* What needs to be done
Using the entries that follow, write out the line containing "Греющий кабель саморегулирующийся", the line containing "Leo de Waal", and every line between them, exactly and nothing else.

* Entries supplied
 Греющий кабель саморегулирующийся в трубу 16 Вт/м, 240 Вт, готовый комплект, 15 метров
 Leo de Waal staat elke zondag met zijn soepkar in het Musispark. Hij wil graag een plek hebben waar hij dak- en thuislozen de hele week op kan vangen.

--

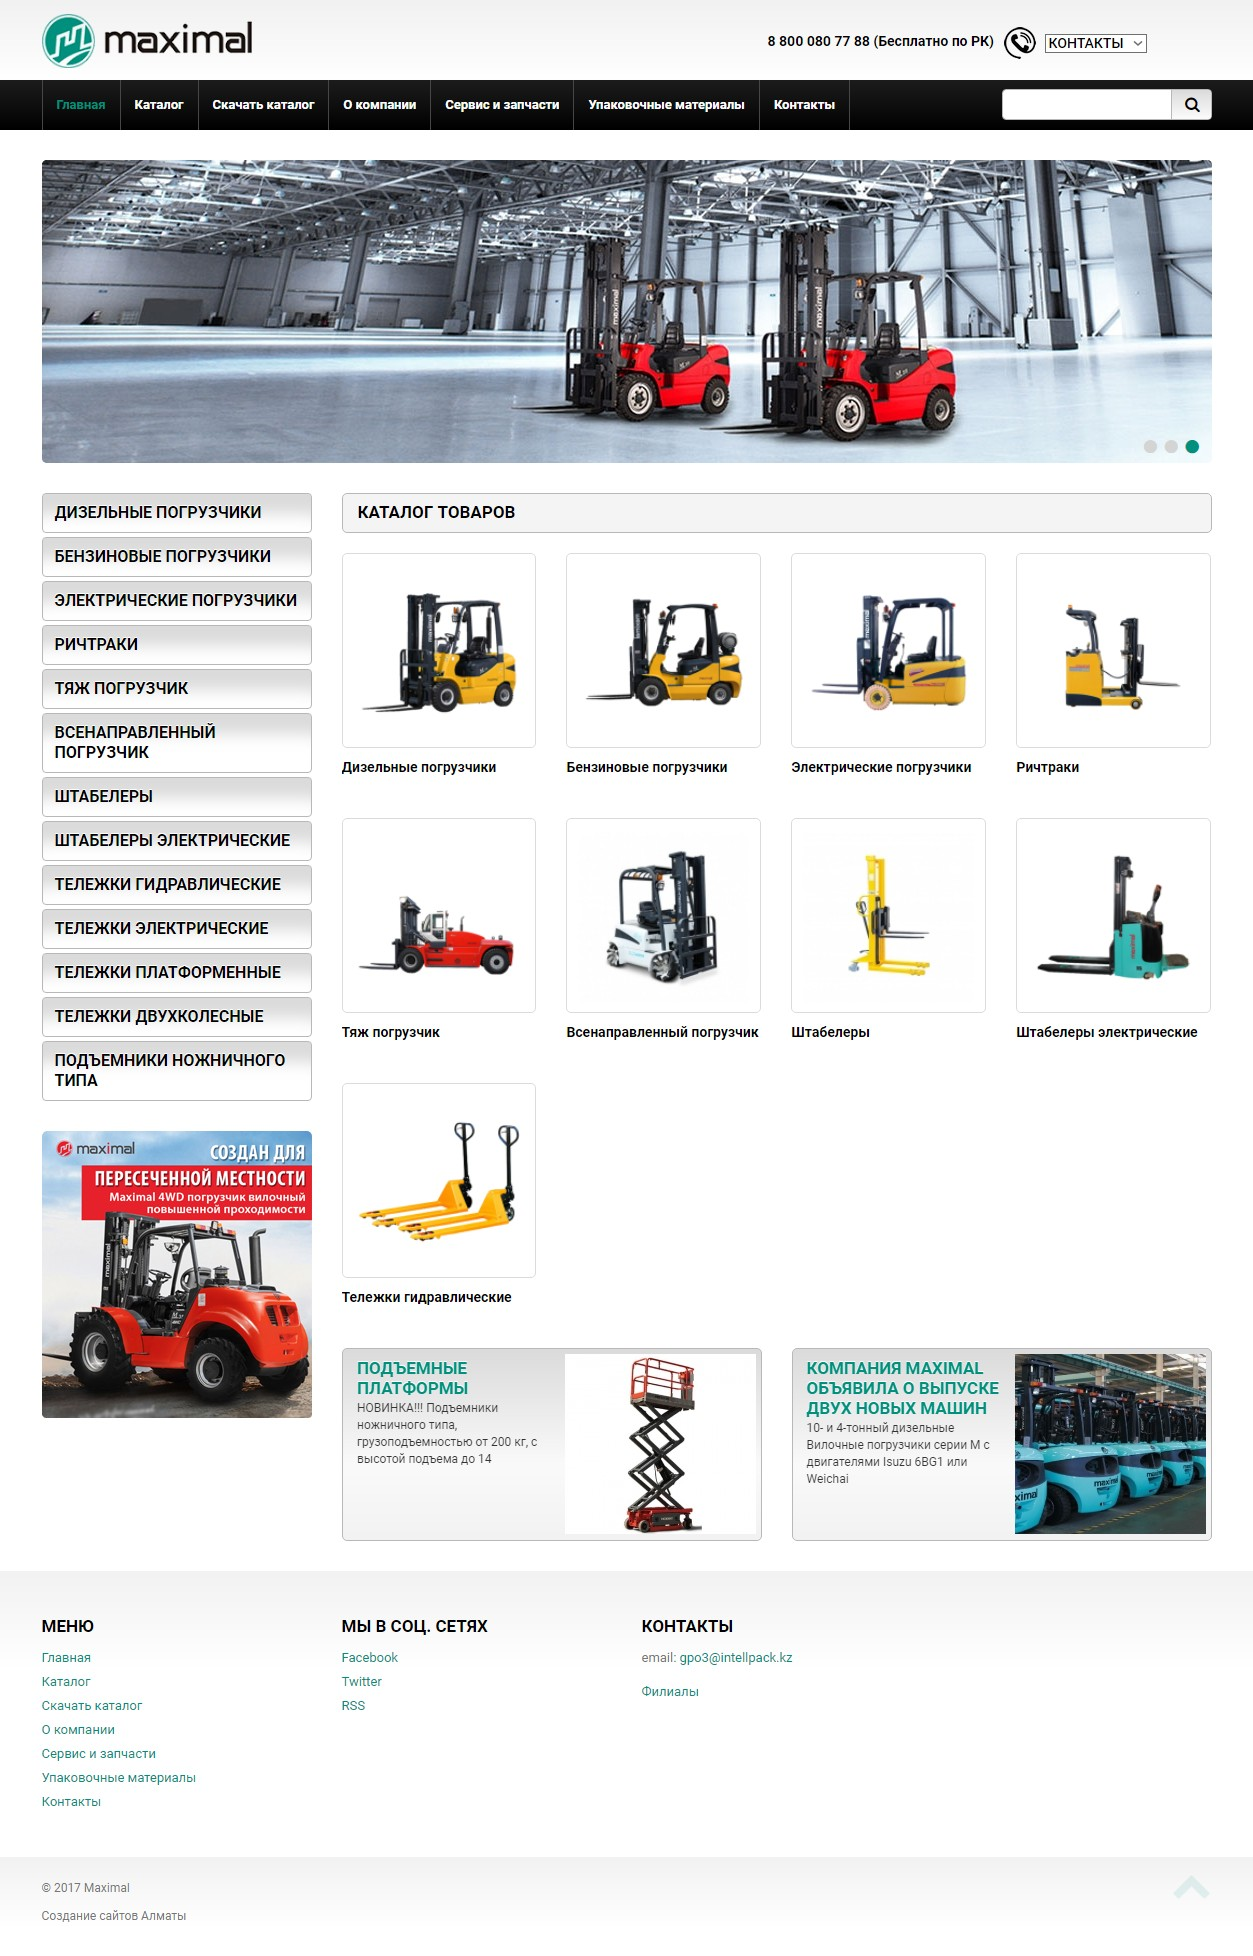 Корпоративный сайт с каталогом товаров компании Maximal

* Answer for this exercise
 Греющий кабель саморегулирующийся в трубу 16 Вт/м, 240 Вт, готовый комплект, 15 метров
 Leo de Waal staat elke zondag met zijn soepkar in het Musispark. Hij wil graag een plek hebben waar hij dak- en thuislozen de hele week op kan vangen.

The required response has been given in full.